Mechanism of Action of Mifepristone and Levonorgestrel for Emergency Contraception
Tutor: Dr. Helena von Hertzen
Emergency contraceptive pills (ECPs) are an important option for women who have recently had unprotected intercourse or a contraceptive accident and who do not want to become pregnant. ECPs have been shown to be safe and effective in studies conducted over the past two decades. The most often used methods of EC are the Yuzpe regimen and postcoital insertion of an IUD . But the efficacy and toleration of established methods for emergency contraceptives have to be improved, and it seems that the two compared methods mifepristone (an Antiprogestogen) and levonorgestrel (a Progestogen) will be approaches because of their higher efficacy and lower incidence of side effects.Established methods [Ref.1]

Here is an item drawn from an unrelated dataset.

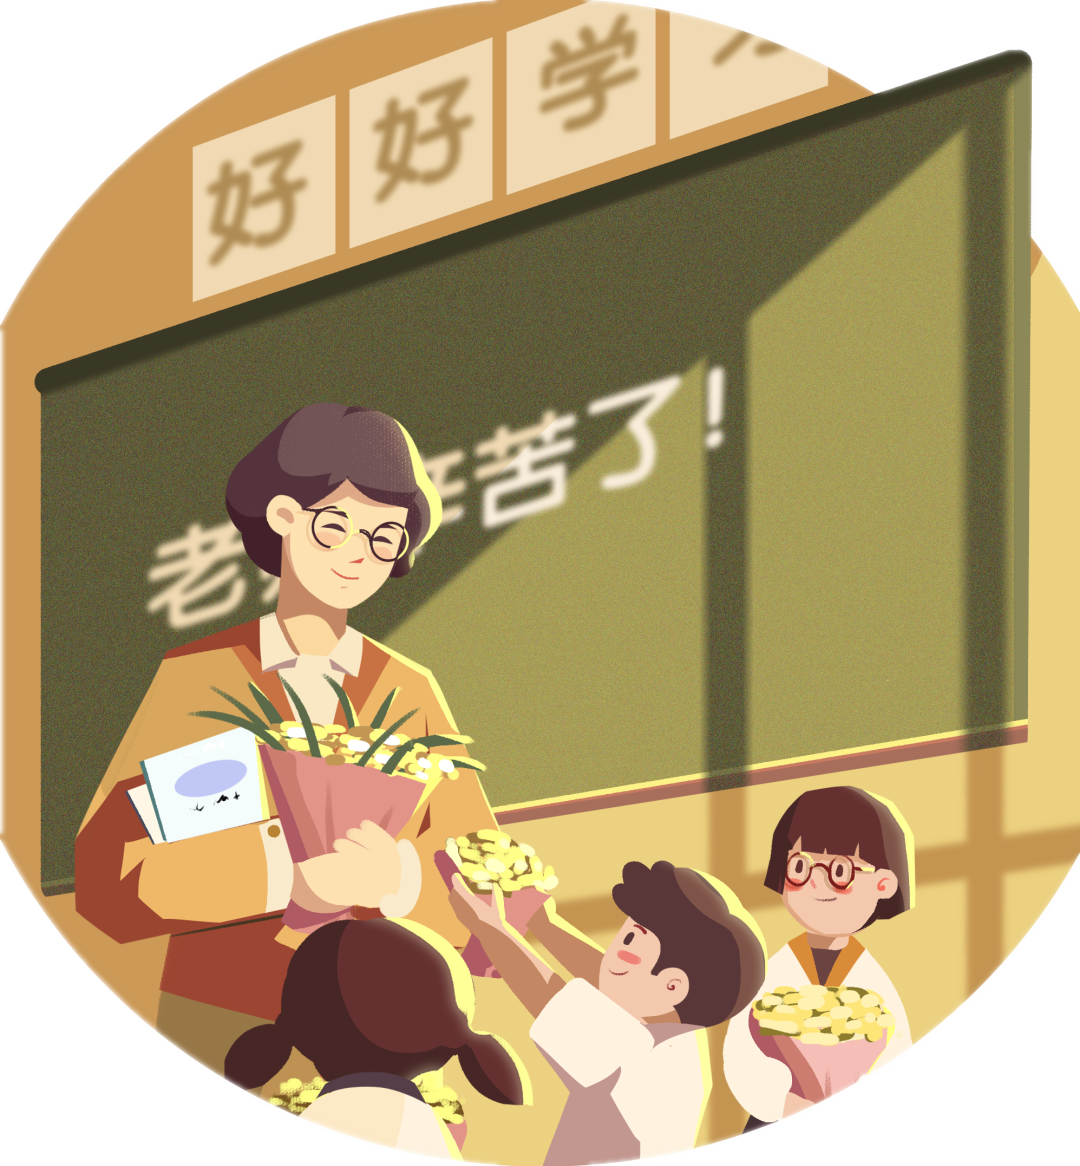 精心浇灌 情暖校园——潍坊恒德实验学校教师的“行动”与“爱”

Although there is some debate about its effectiveness, few people question the important role that emergency contraception can play in preventing unwanted pregnancy and maternal mortality and morbidity resulting from unsafe abortion .
In April 1995, in Bellagio, twenty-four experts from around the world discussed the fields of emergency contraception. They complained that women and providers are uninformed about the methods, that only few products are marketed for emergency contraception and that service providers are too often reluctant to provide this method. The proposed recommendations include the methods, where they emphasize the antiprogestogens as very promising compounds and that they deserve top medical research priority .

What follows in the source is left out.